=== GIVEN DATA ===

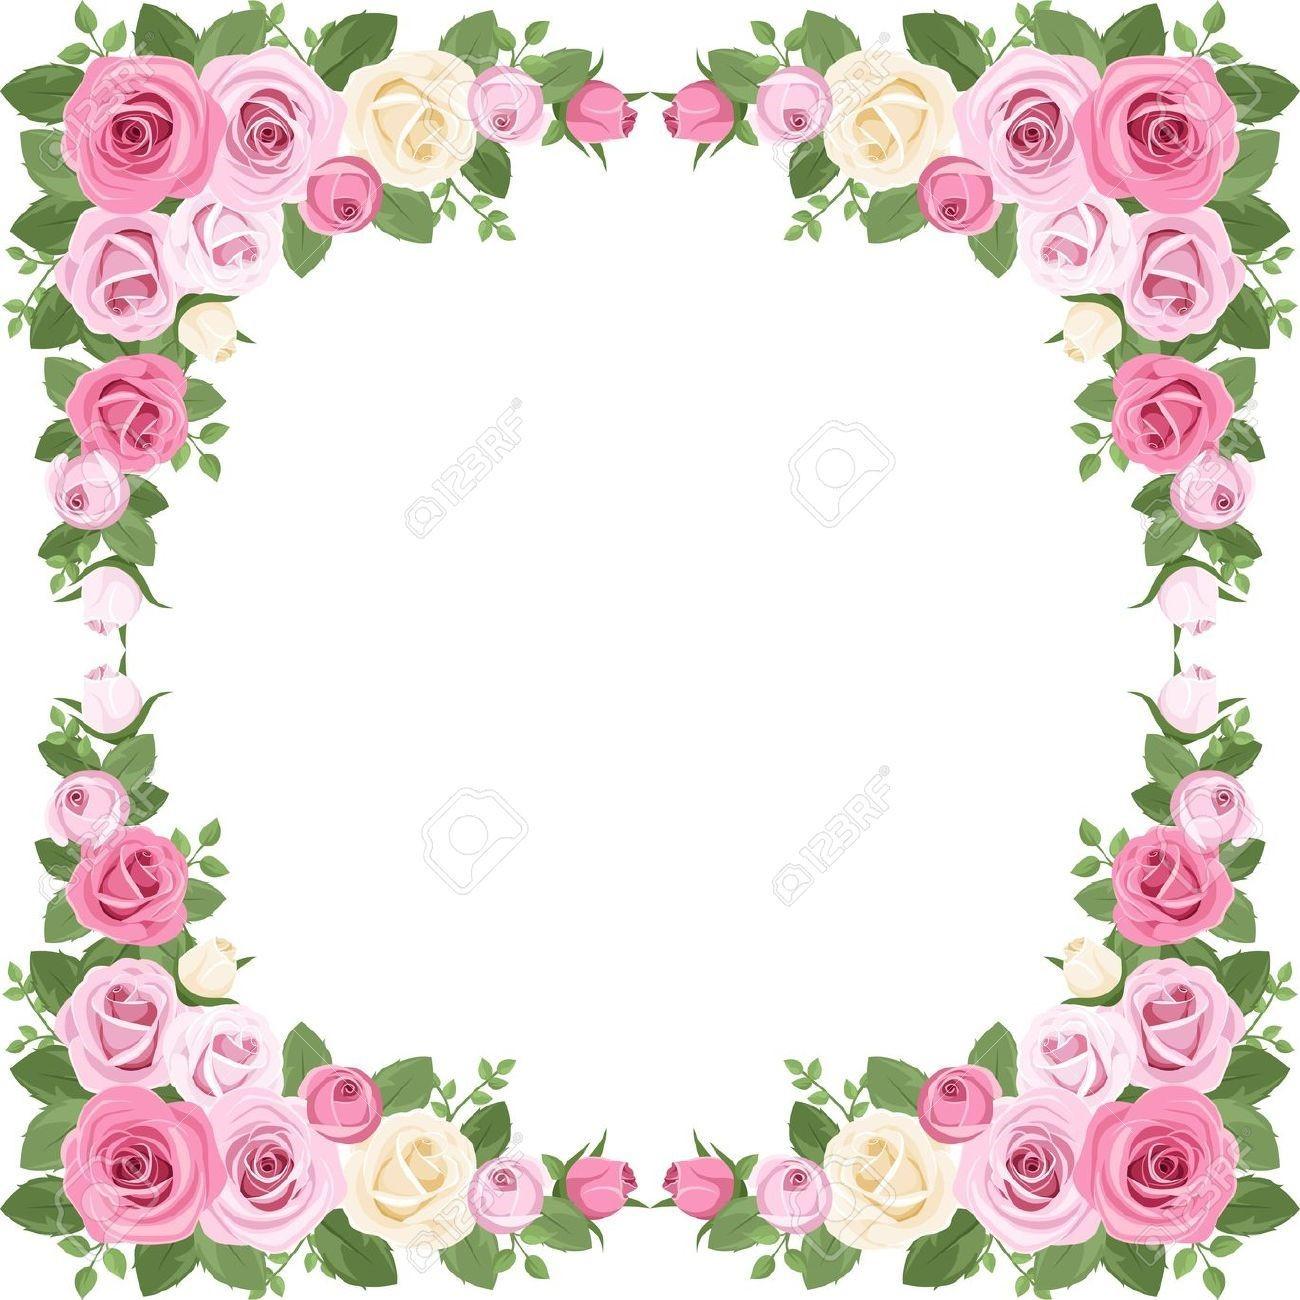 Marco de flores clásico en color fucsiaMarco de flores clásico en color fucsia
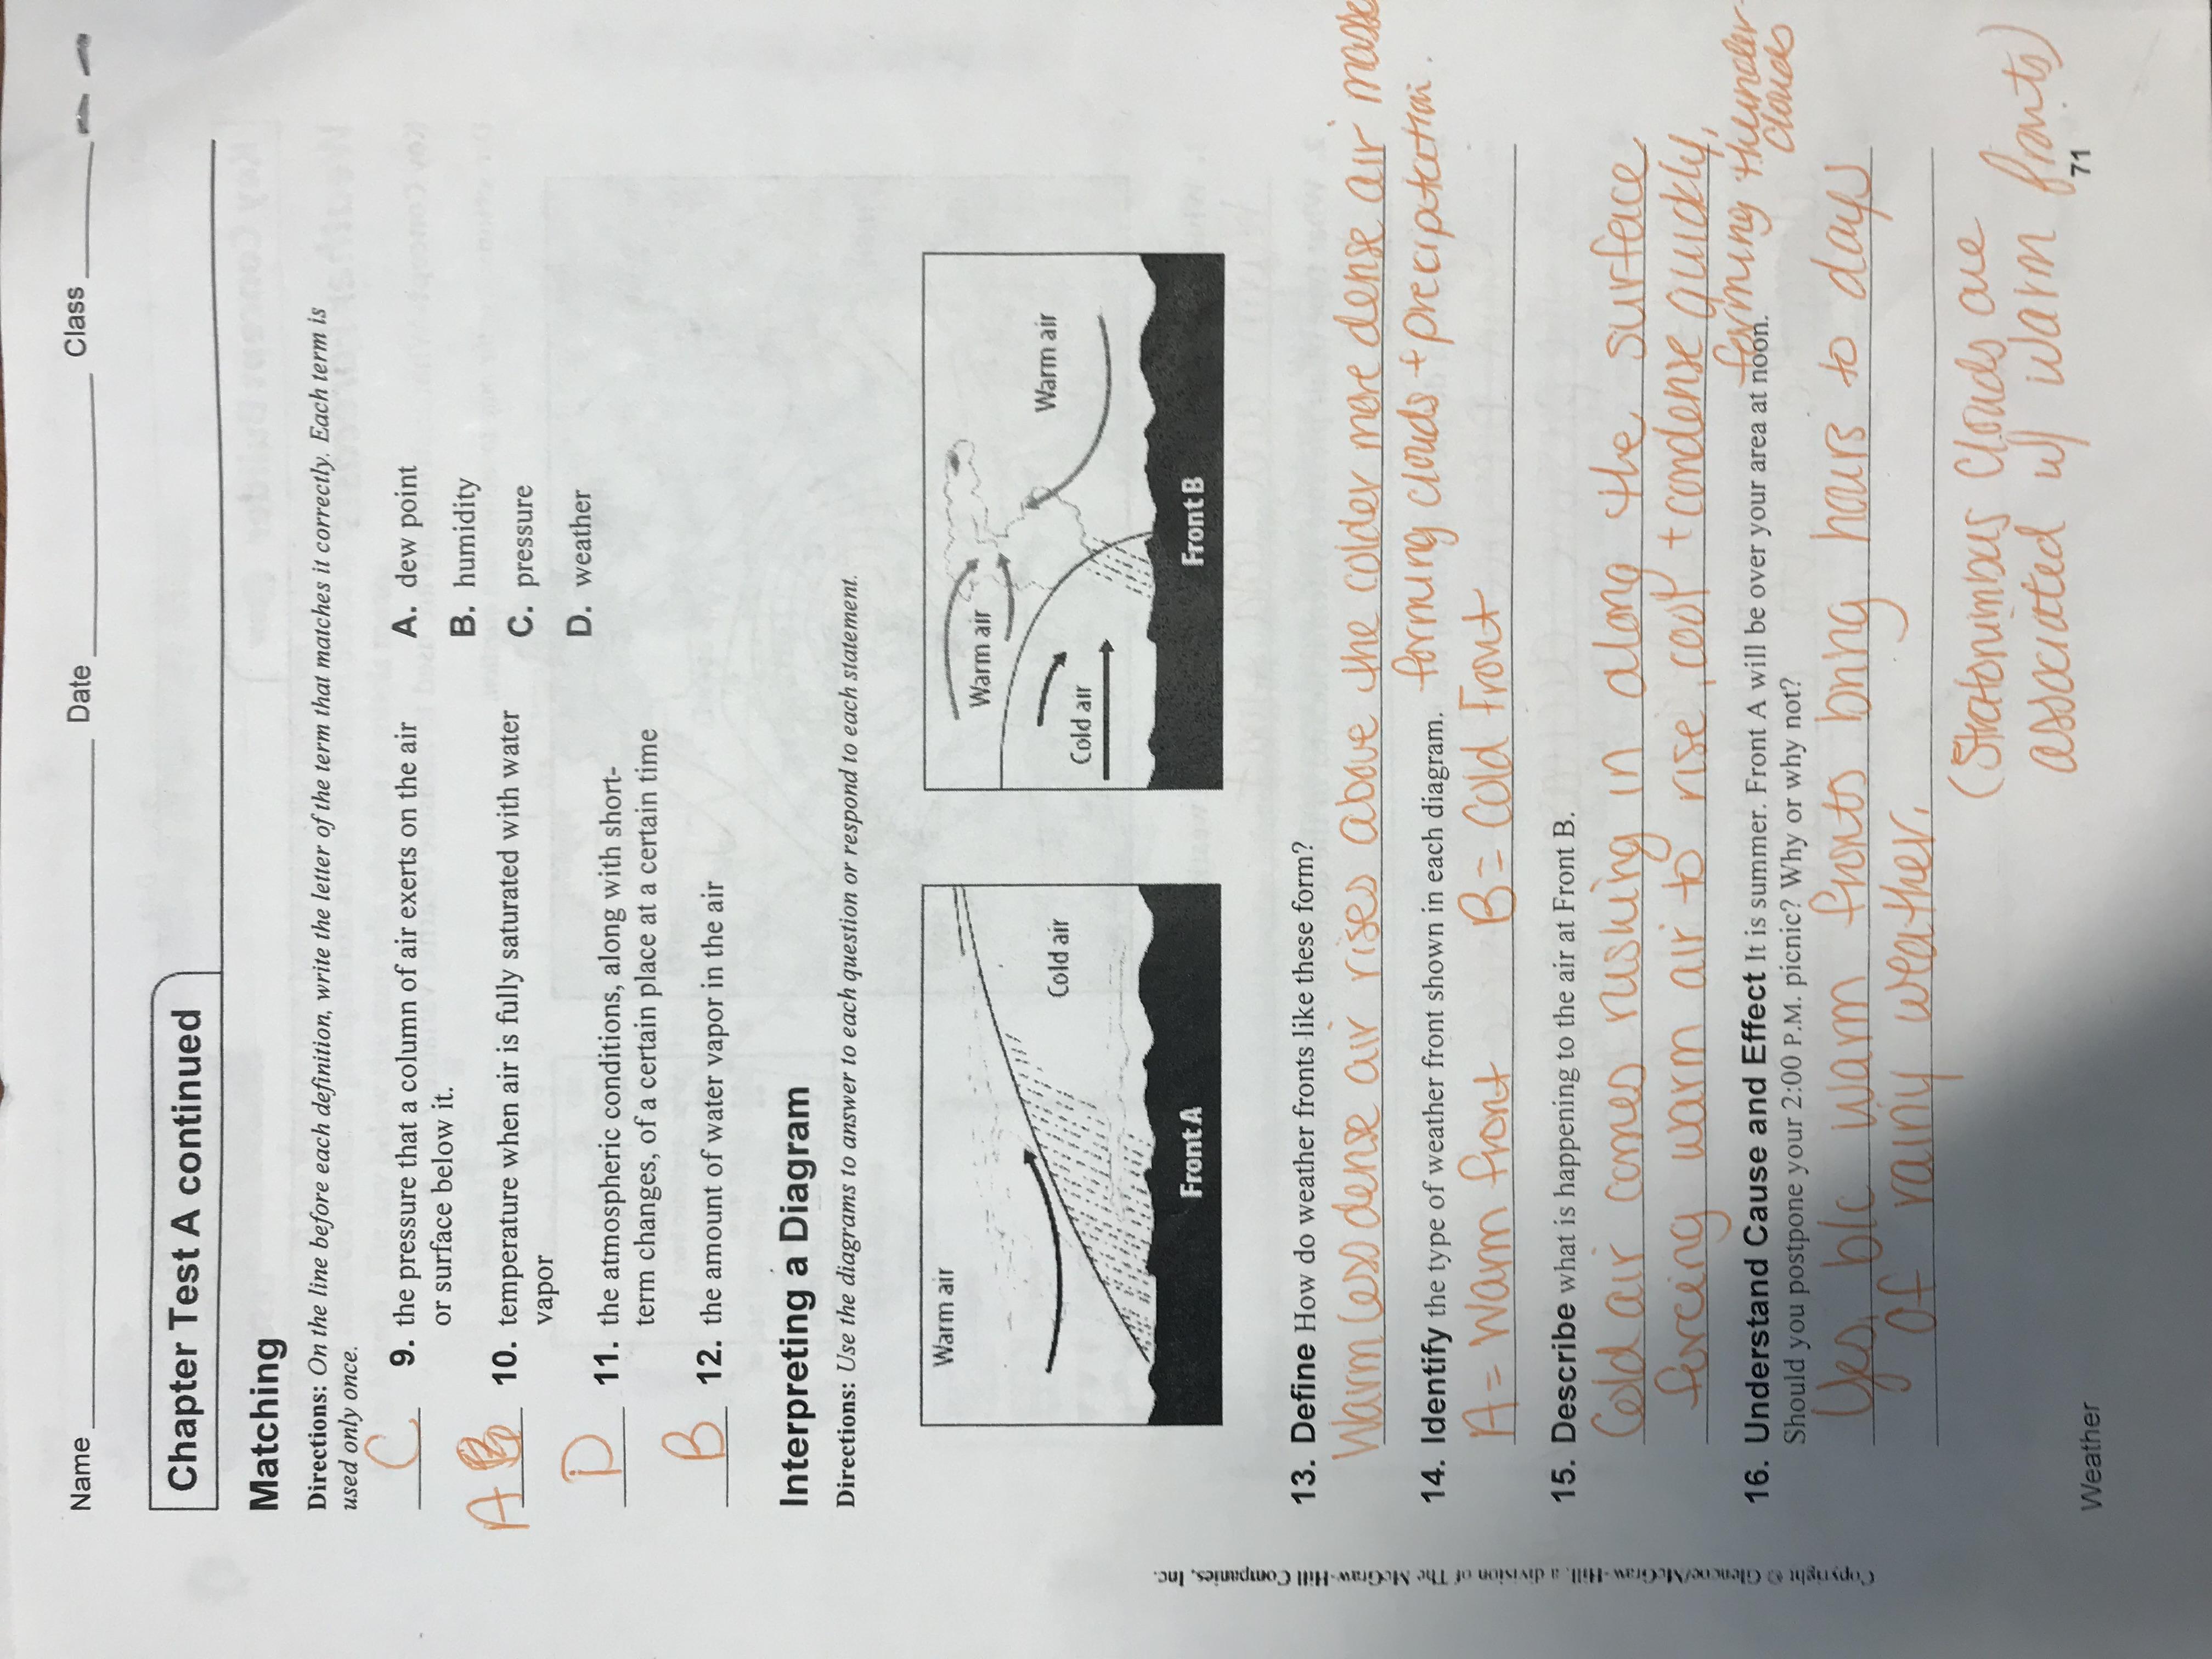 Best Amanda Weather Worksheet Packet Answers
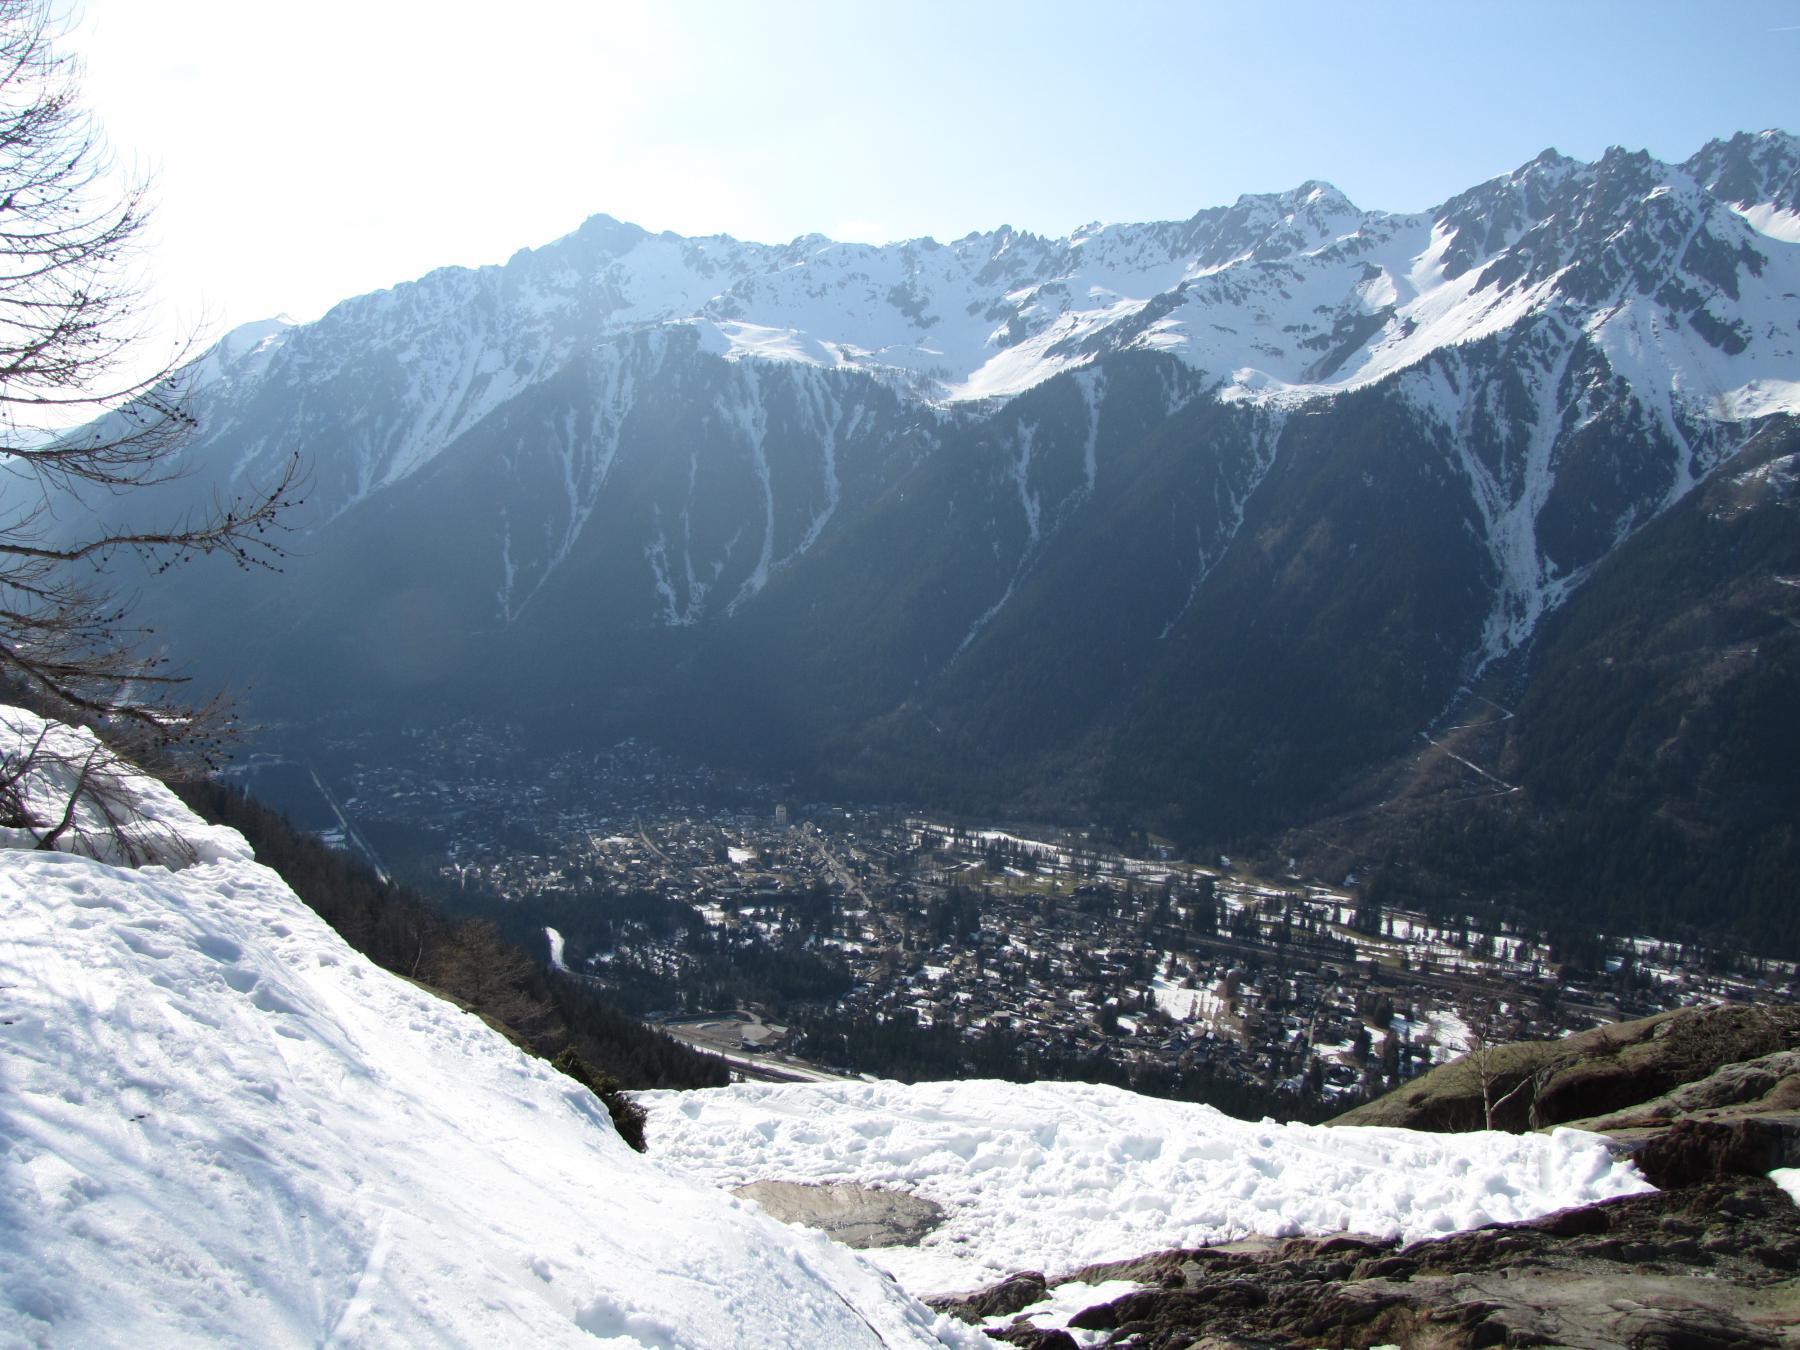 neve agli sgoccioli scendendo nella valle di Chamonix

===

TRY IT: Copy all the material word for word, minus its pictures.

EXERCISE ANSWER:
 Marco de flores clásico en color fucsiaMarco de flores clásico en color fucsia
 Best Amanda Weather Worksheet Packet Answers
 neve agli sgoccioli scendendo nella valle di Chamonix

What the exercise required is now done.